Horst D. Deckert

Meine Kunden kommen fast alle aus Deutschland, obwohl ich mich schon vor 48 Jahren auf eine lange Abenteuerreise begeben habe.

So hat alles angefangen:

Am 1.8.1966 begann ich meine Ausbildung, 1969 mein berufsbegleitendes Studium im Öffentlichen Recht und Steuerrecht.

Seit dem 1.8.1971 bin ich selbständig und als Spezialist für vermeintlich unlösbare Probleme von Unternehmern tätig.

Im Oktober 1977 bin ich nach Griechenland umgezogen und habe von dort aus mit einer Reiseschreibmaschine und einem Bakelit-Telefon gearbeitet. Alle paar Monate fuhr oder flog ich zu meinen Mandanten nach Deutschland. Griechenland interessierte sich damals nicht für Steuern.
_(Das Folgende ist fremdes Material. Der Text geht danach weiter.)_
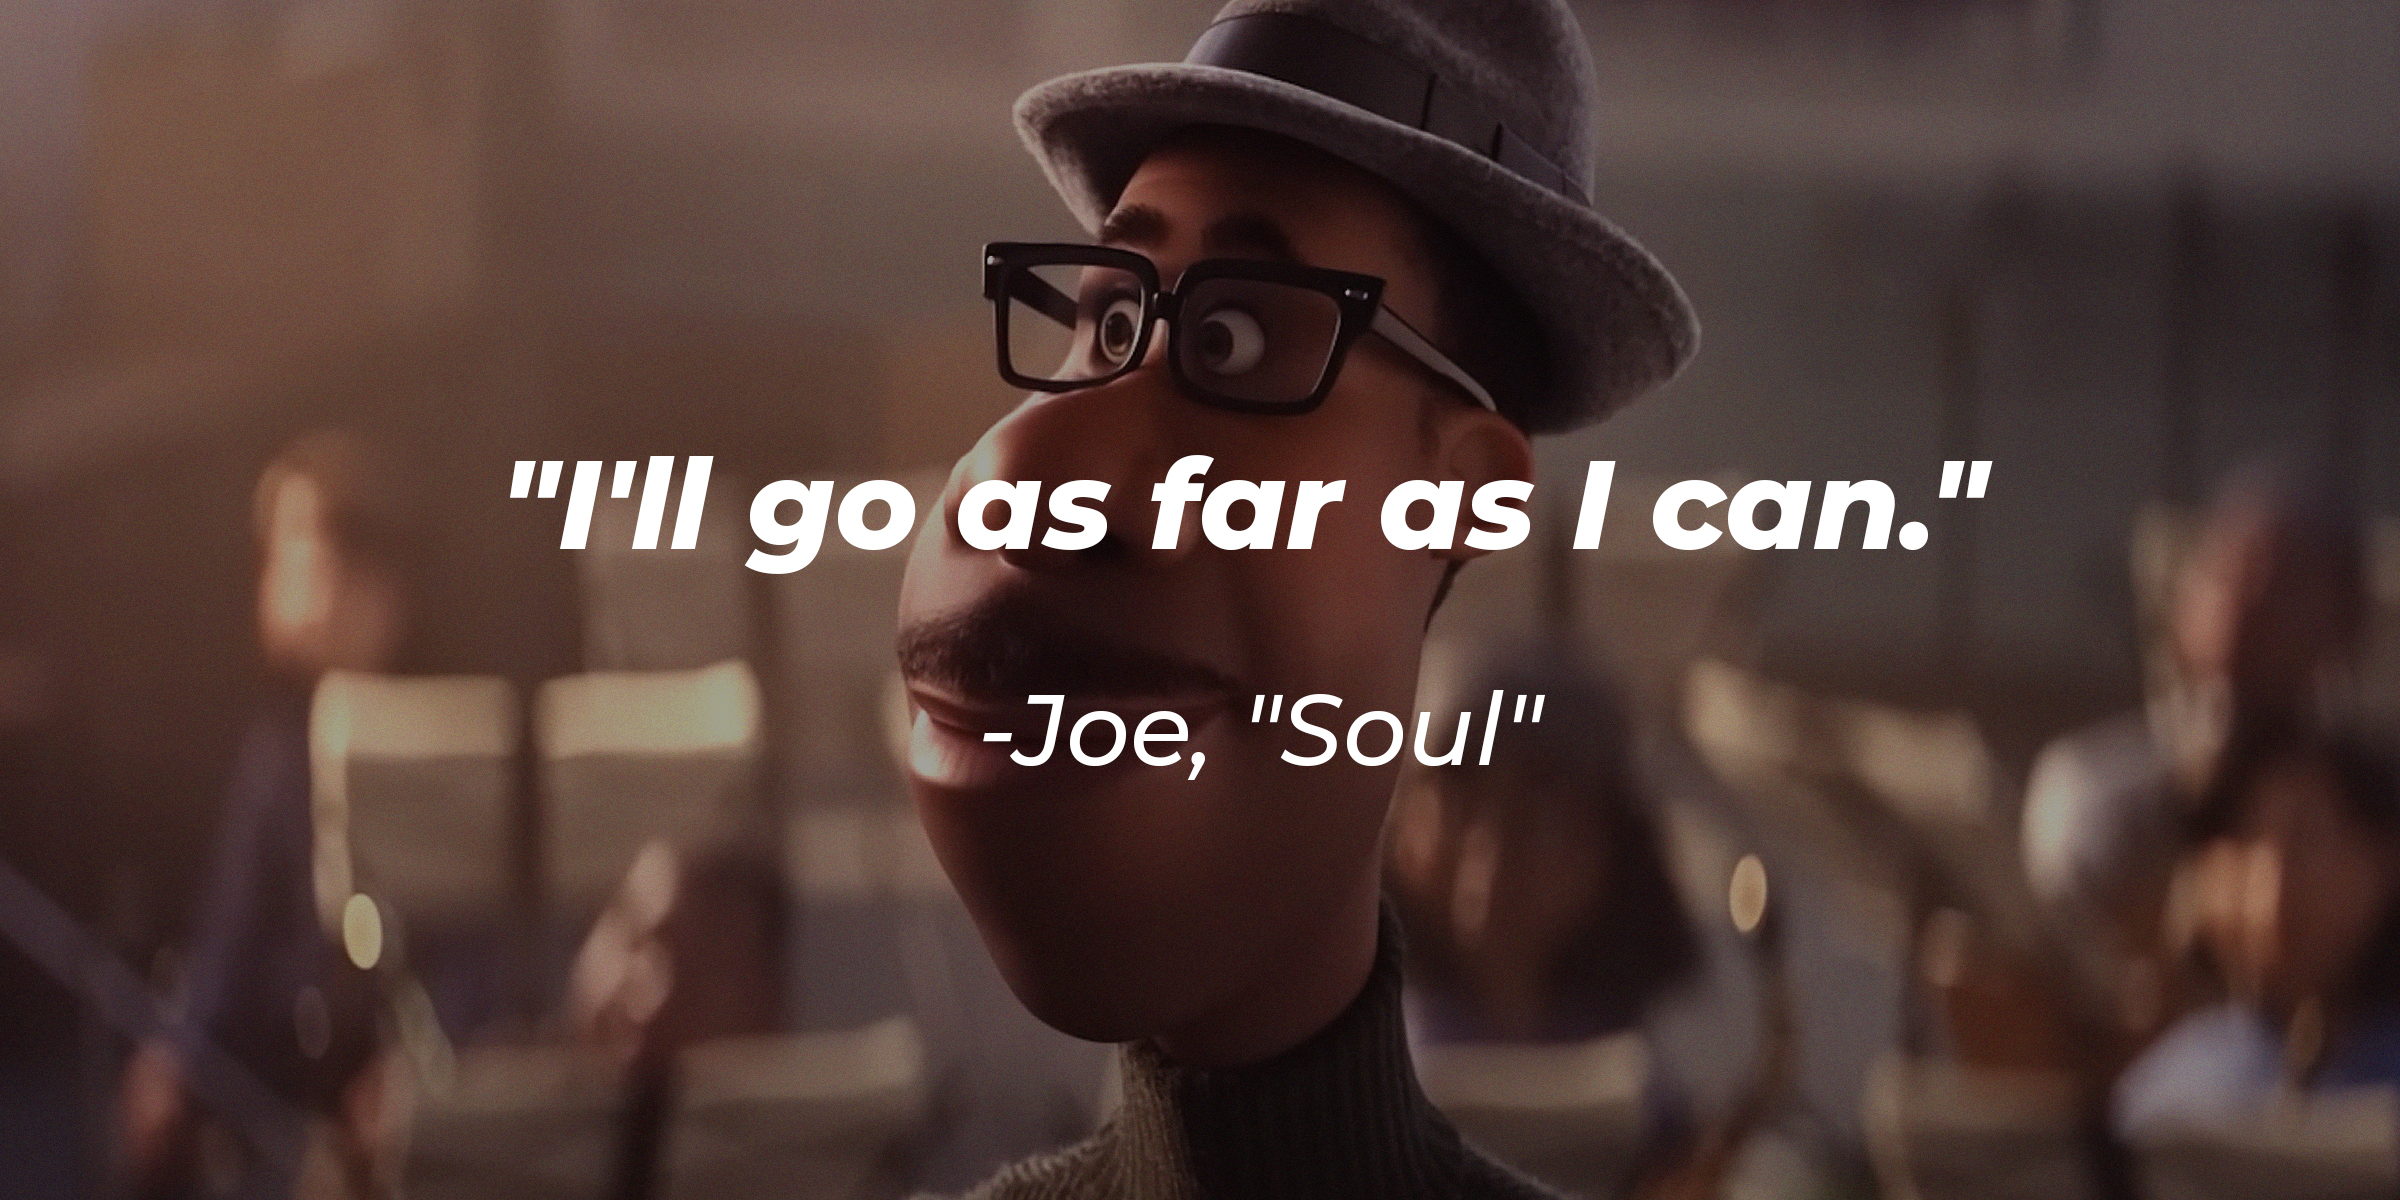 A photo of Joe from the movie "Soule" the quote, "I'll go as far as I can." | Source: youtube.com/pixar

Bis 2008 habe ich mit Unterbrechungen die meiste Zeit in Griechenland verbracht. Von 1995 bis 2000 hatte ich meinen steuerlichen Wohnsitz in Belgien und seit 2001 in Paraguay.

Von 2000 bis 2011 hatte ich einen weiteren steuerfreien Wohnsitz auf Mallorca. Seit 2011 lebe ich das ganze Jahr über nur noch in Paraguay.

Mein eigenes Haus habe ich erst mit 62 Jahren gebaut, als ich es bar bezahlen konnte. Hätte ich es früher gebaut, wäre das nur mit einer Bankfinanzierung möglich gewesen. Dann wäre ich an einen Ort gebunden gewesen und hätte mich einschränken müssen. Das wollte ich nicht.

Mein Leben lang habe ich das Angenehme mit dem Nützlichen verbunden. Seit 2014 war ich nicht mehr in Europa. Viele meiner Kunden kommen nach Paraguay, um sich von mir unter vier Augen beraten zu lassen, etwa 200 Investoren und Unternehmer pro Jahr.

Mit den meisten Kunden funktioniert das aber auch wunderbar online oder per Telefon.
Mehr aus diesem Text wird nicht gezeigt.